No PriorsNo Priors Ep. 90 | With Google's DeepMind's AlphaProof Team
CHAPTERS
- 0:06 – 2:49
Meet the AlphaProof team: backgrounds from AlphaZero, Go, and applied ML
Sarah Guo welcomes Thomas Hubert, Rishi Mehta, and Laurent Sifre and frames AlphaProof as an AI system for finding and verifying mathematical proofs. The team shares how their paths through games (chess/Go) and ML research led them to formal mathematics and proof search.
- •AlphaProof positioned as a leap from game-playing to rigorous mathematical reasoning
- •Rishi’s inspiration from AlphaZero’s “alien” chess and joining DeepMind
- •Thomas’s focus on systems that improve by “thinking more” with more compute
- •Laurent’s journey from Go/AlphaGo lineage to transformers and math potential
- 2:49 – 4:24
Why IMO is different from chess: no opponent, pure cognition, harder navigation
The conversation contrasts IMO-style math problems with board games. Unlike self-play with an opponent, math offers no adversary—progress comes from structuring thought, exploring ideas, and persisting through ambiguity.
- •Board games benefit from self-play against an evenly matched opponent
- •Math is ‘purely cognitive’: you can’t run real-world experiments for feedback
- •Hard problems raise the question of how to systematically search for progress
- •IMO context: six extremely hard problems, measuring deep reasoning
- 4:24 – 6:27
AlphaProof architecture: adapting AlphaZero to formal proof generation
Laurent explains AlphaProof by mapping AlphaZero’s components—neural network, large-scale RL, and planning/search—into the proof domain.

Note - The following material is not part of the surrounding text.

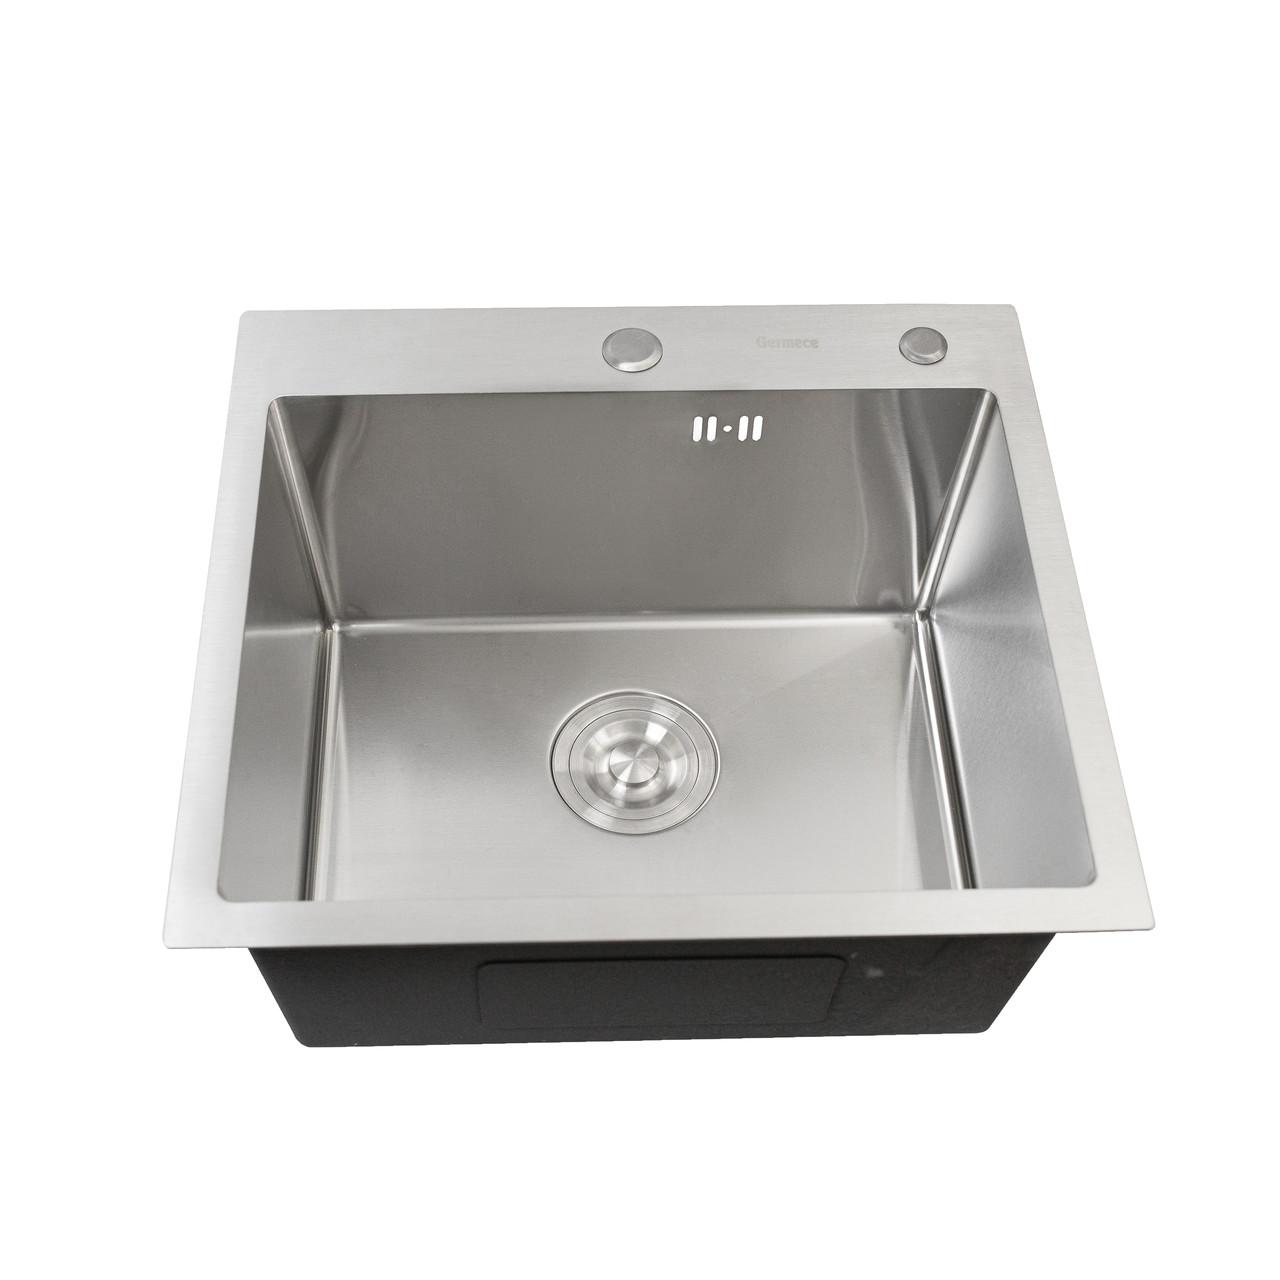 Кухонна мийка Platinum Handmade 50 * 50/220 3,0 / 1,5 мм кошик і дозатор в комплекті
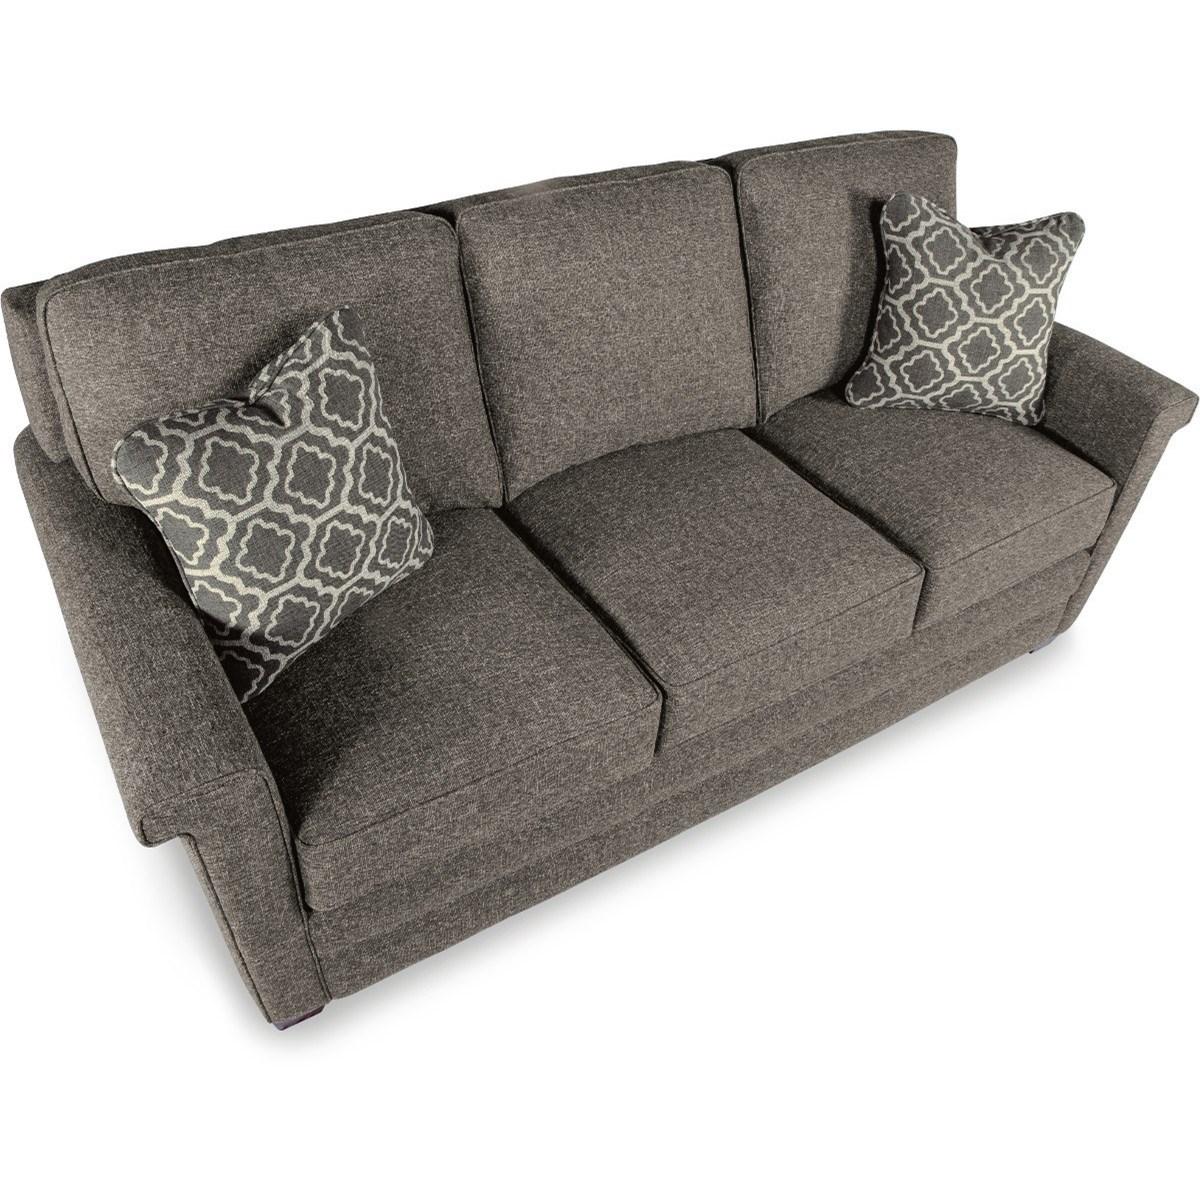 comfortable queen sleeper sofa score calculator excel la z boy bexley contemporary conlin 39s

Instead of choosing a move, the agent generates lines of formal proof and uses machine-checkable verification as the feedback signal.
- •AlphaZero components: neural net + RL + planning/search
- •Key adaptation: handle (effectively) infinite action spaces (proof steps)
- •Use of formal language (“code to write math”) enables verification
- •Closed loop: find correct proofs → learn from them → improve over time
- 6:27 – 7:56
The search space in math: strengths, weaknesses, and what takes days
The team discusses why math proof search is far larger than chess: infinite rewrites, novel constructions, and theory dependencies. They describe where AlphaProof currently excels (algebra/number theory) and where it struggles (combinatorics; geometry not attempted in this IMO).
- •Proof steps aren’t just selecting known tricks—often require invention
- •Infinite ways to rewrite expressions; few lead to progress
- •Strongest IMO areas: algebra and number theory
- •Weaker area: combinatorics; geometry not applied this year
- 7:56 – 9:28
Test-Time Reinforcement Learning (TTRL): learning near the problem at inference time
Rishi introduces TestTime RL as a method for tackling unfamiliar problems by generating many nearby variations, solving them, and learning from those successes. This “bespoke experimentation” at inference time helps hill-climb toward the original problem, sometimes over days of compute.
- •When base policy can’t solve a problem, generate many nearby variants
- •Solve variants → learn → iteratively move toward the target problem
- •Analogy to scientific experimentation when priors don’t apply
- •Explains why some IMO problems solved in minutes vs. after days
- 9:28 – 12:09
Scaling limits: theory-building and the bottleneck of formalizing combinatorics
Elad asks about obstacles to dramatic future gains; Thomas and Laurent highlight missing capabilities. AlphaProof doesn’t yet build new theories/definitions the way humans do, and many combinatorics problems are hard to translate into Lean and solve due to library/tooling gaps.
- •Primary gap: theory building (creating new concepts and frameworks)
- •Harder domains may require cross-area tools (e.g., analysis for number theory)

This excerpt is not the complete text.